Copy out again, unchanged, the listing below from the line that has "Summit E/S-620/650 manual" through the line that has "INDIA COIN LOT".

** Records supplied follows **

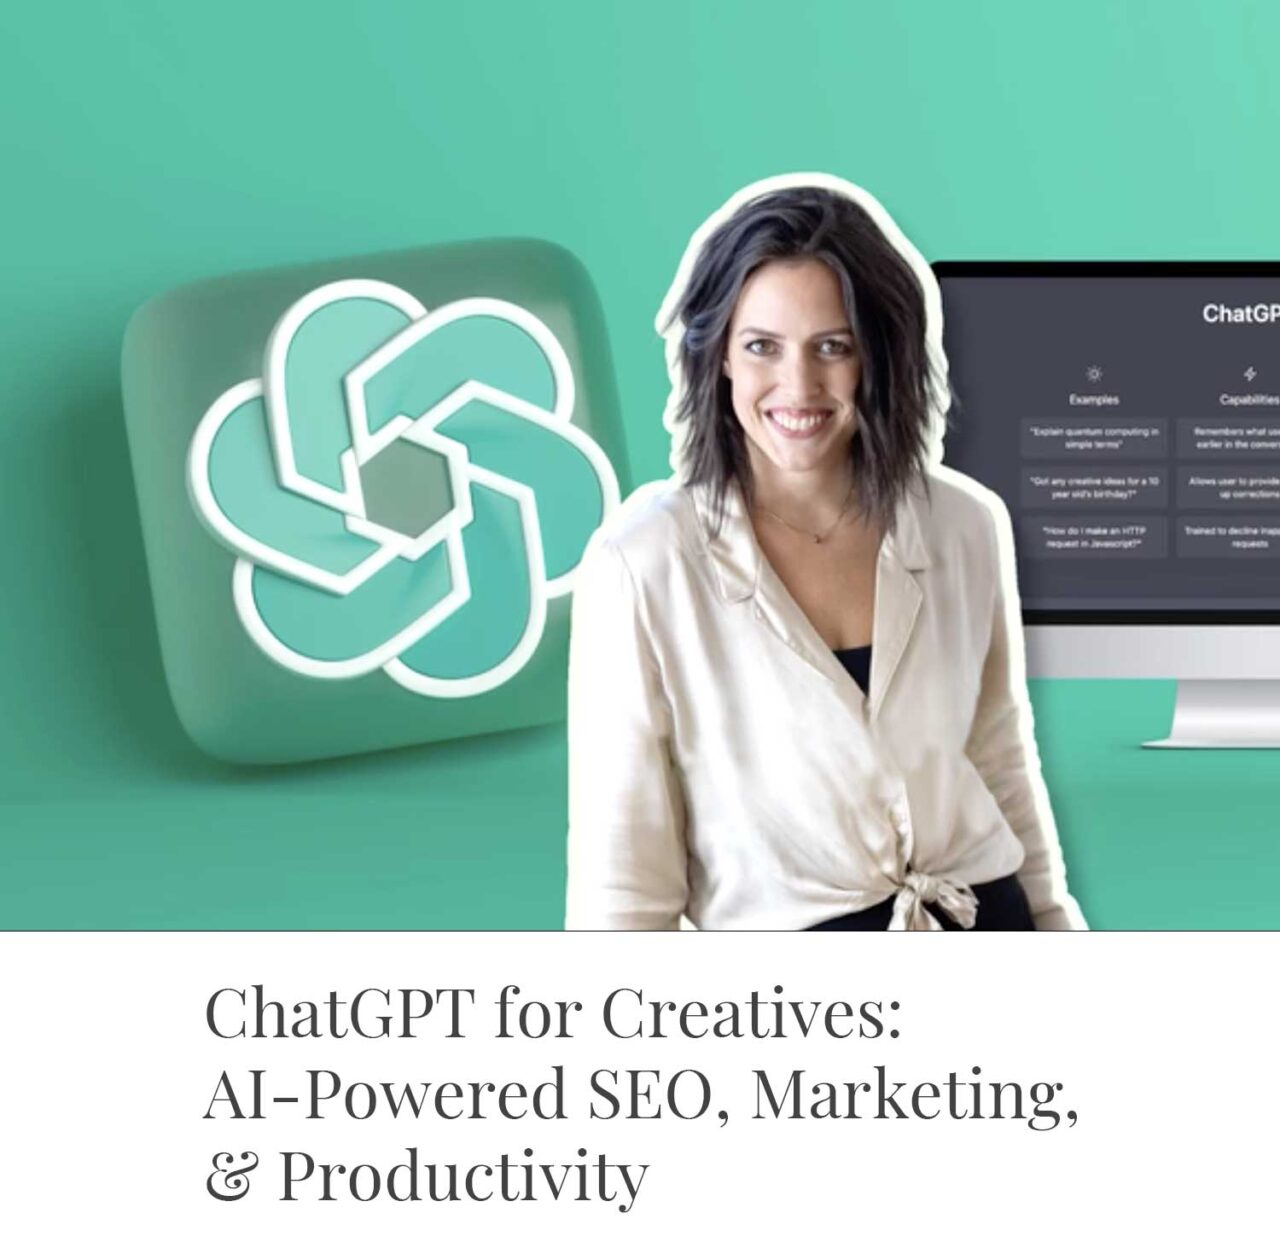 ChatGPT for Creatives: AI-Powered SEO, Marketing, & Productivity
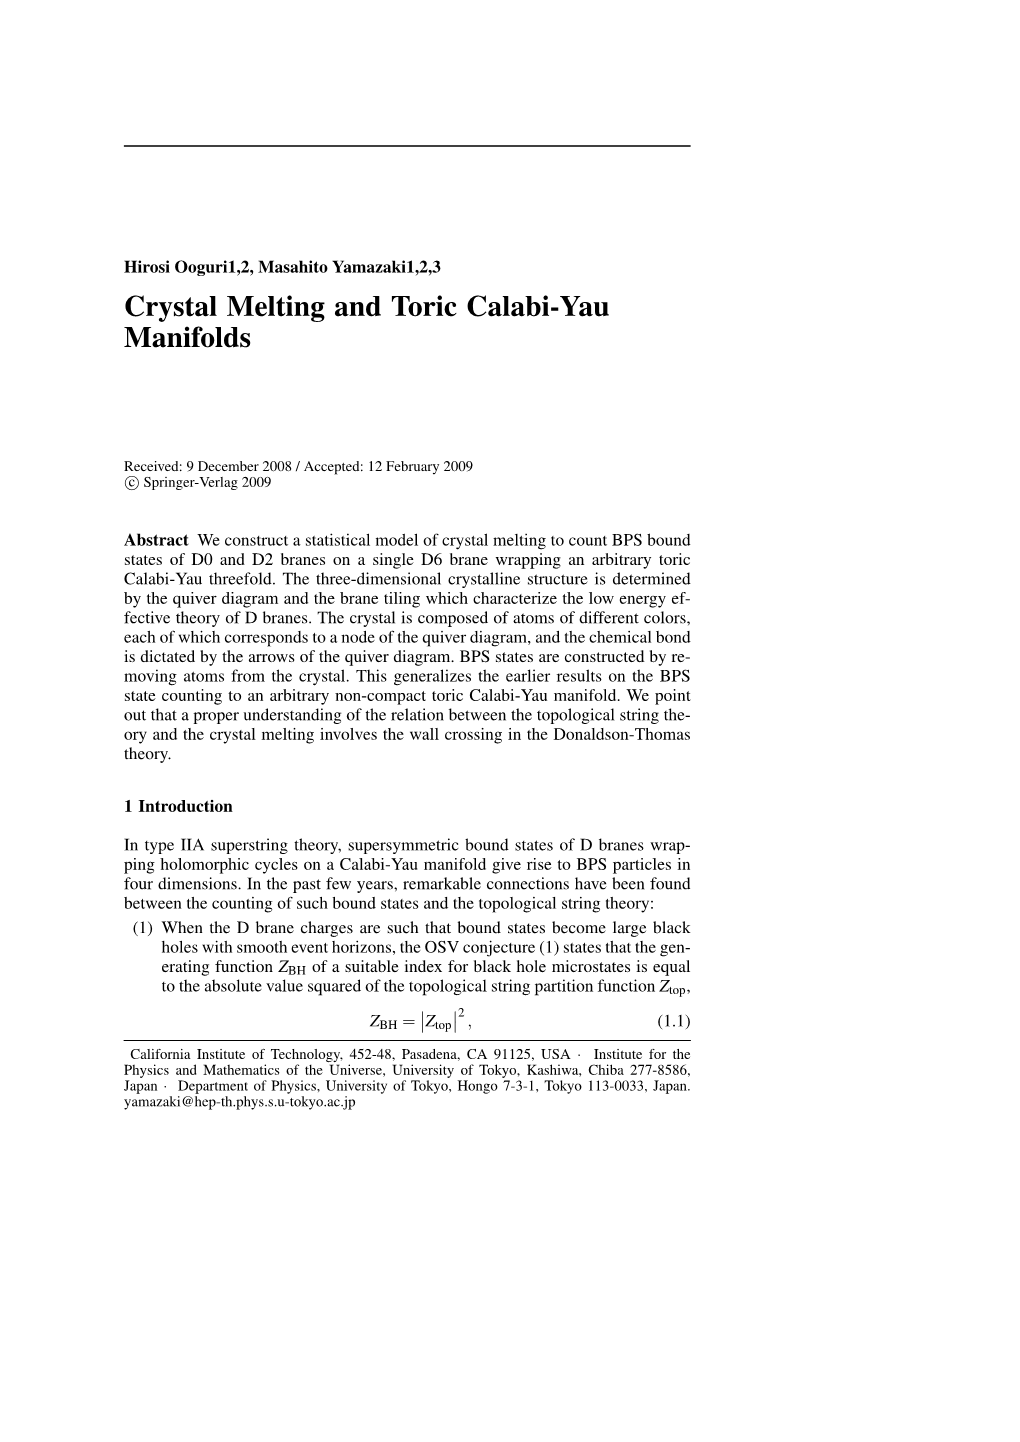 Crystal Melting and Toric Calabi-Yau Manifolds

** End of Records supplied **
** Records supplied follows **

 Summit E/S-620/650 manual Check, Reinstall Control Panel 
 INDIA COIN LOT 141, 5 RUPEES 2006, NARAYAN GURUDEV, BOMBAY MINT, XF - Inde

** End of Records supplied **

## Result of this exercise
 Summit E/S-620/650 manual Check, Reinstall Control Panel 
 INDIA COIN LOT 141, 5 RUPEES 2006, NARAYAN GURUDEV, BOMBAY MINT, XF - Inde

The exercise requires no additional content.